Images are to be dropped, and the rest of the data reproduced exactly.

───── AVAILABLE DATA

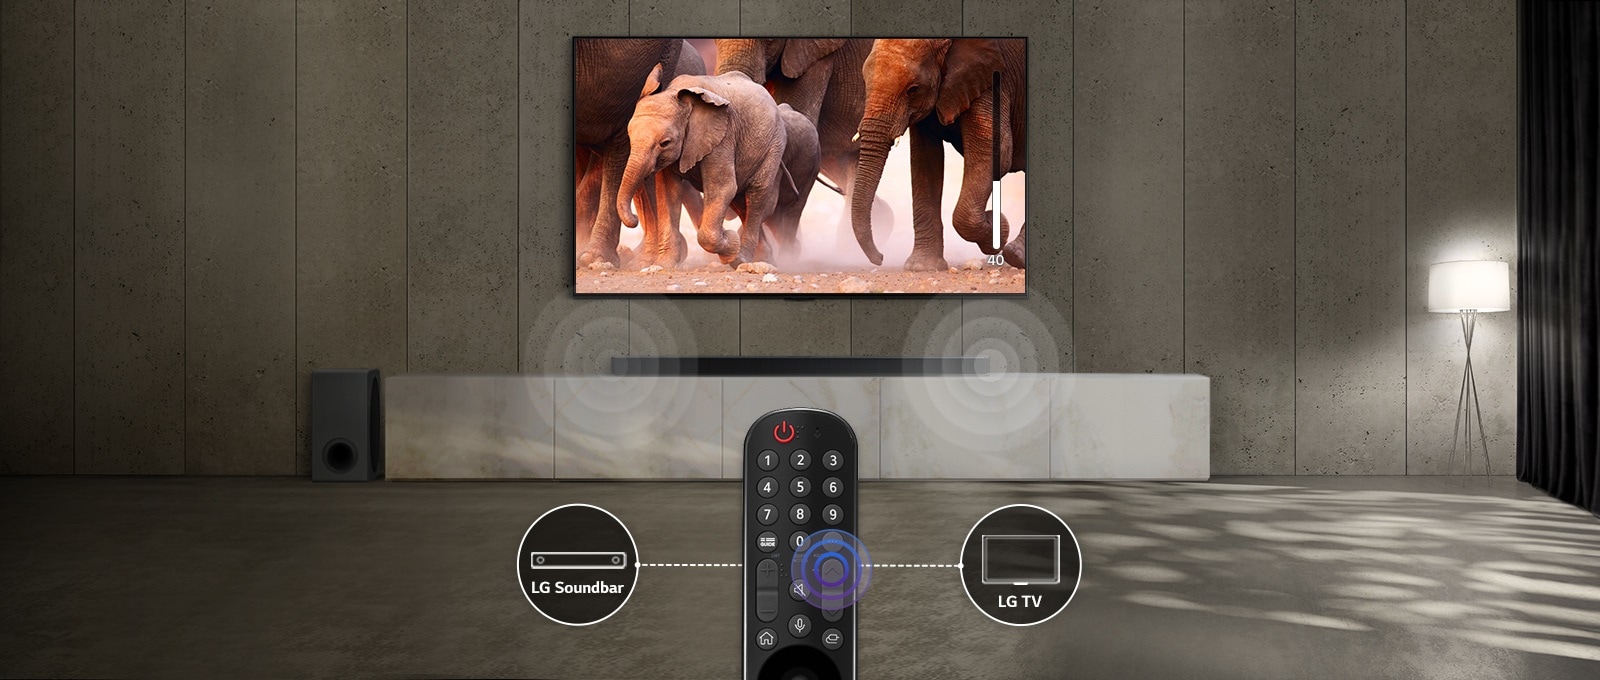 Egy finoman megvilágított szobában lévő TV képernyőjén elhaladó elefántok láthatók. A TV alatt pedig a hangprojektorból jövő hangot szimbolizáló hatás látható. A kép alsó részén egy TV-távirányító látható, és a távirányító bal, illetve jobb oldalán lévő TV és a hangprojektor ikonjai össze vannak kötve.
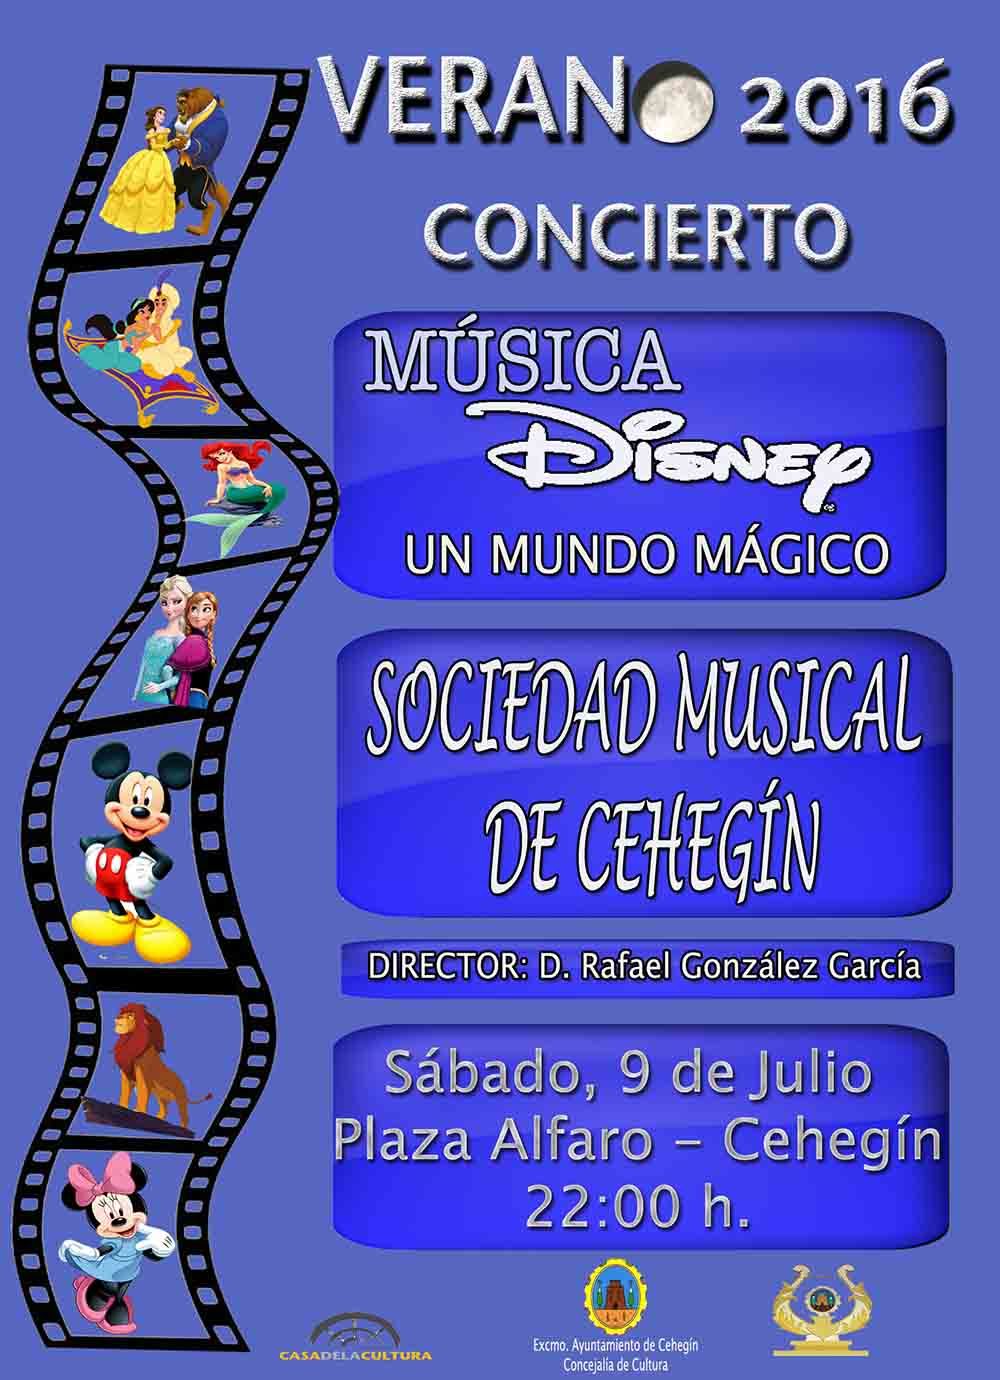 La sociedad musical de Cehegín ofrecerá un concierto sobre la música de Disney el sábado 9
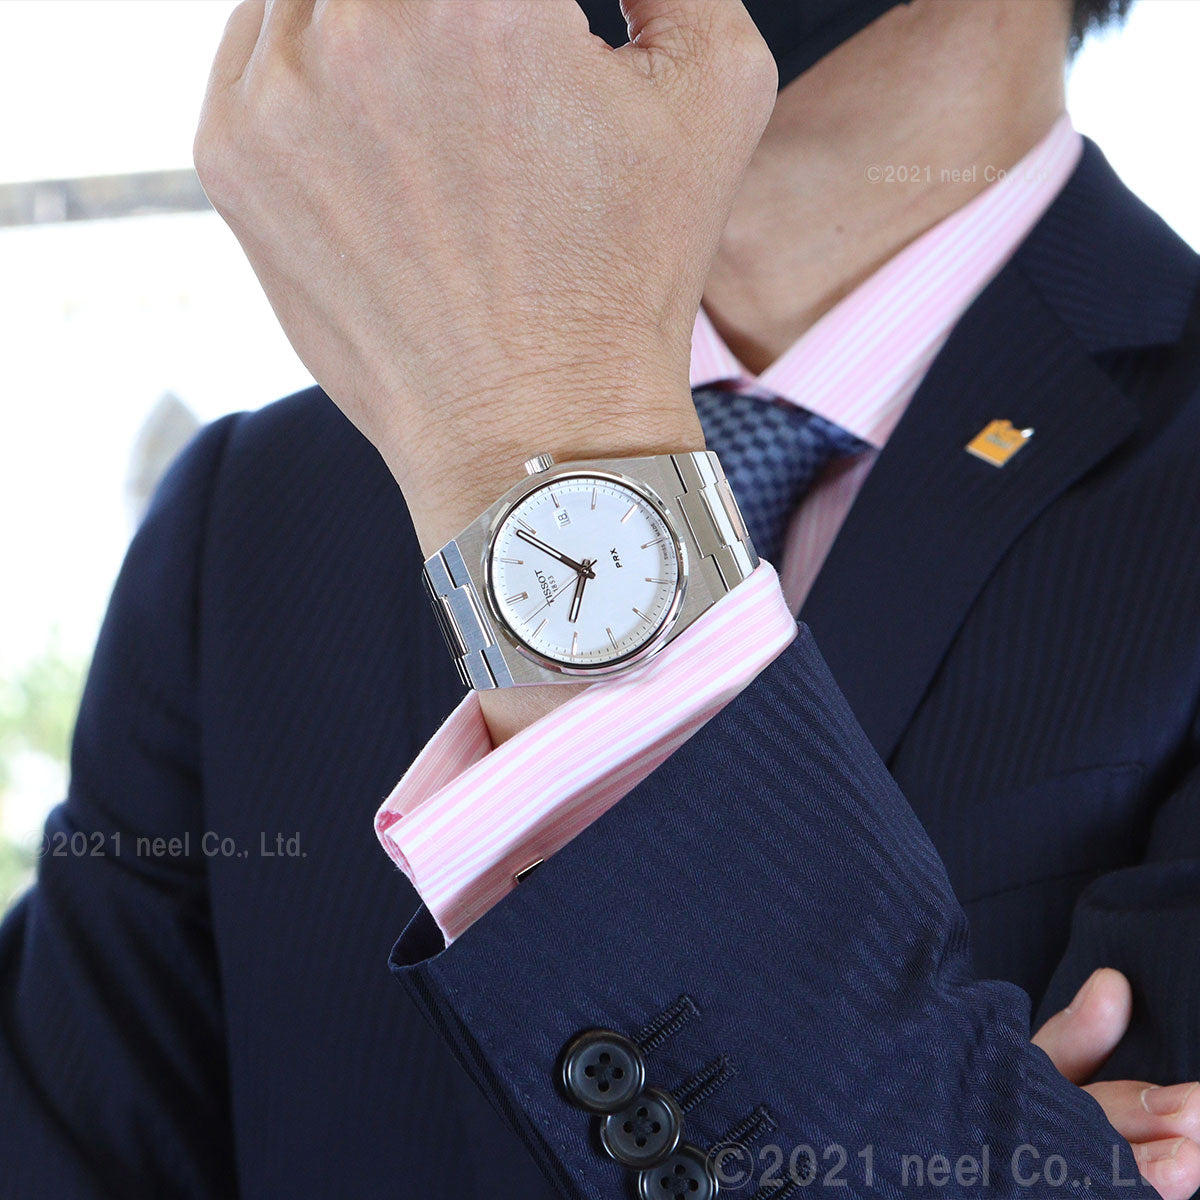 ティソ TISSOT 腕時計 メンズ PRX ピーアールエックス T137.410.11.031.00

──────────

**FINISHED EXERCISE:**
 Egy finoman megvilágított szobában lévő TV képernyőjén elhaladó elefántok láthatók. A TV alatt pedig a hangprojektorból jövő hangot szimbolizáló hatás látható. A kép alsó részén egy TV-távirányító látható, és a távirányító bal, illetve jobb oldalán lévő TV és a hangprojektor ikonjai össze vannak kötve.
 La sociedad musical de Cehegín ofrecerá un concierto sobre la música de Disney el sábado 9
 ティソ TISSOT 腕時計 メンズ PRX ピーアールエックス T137.410.11.031.00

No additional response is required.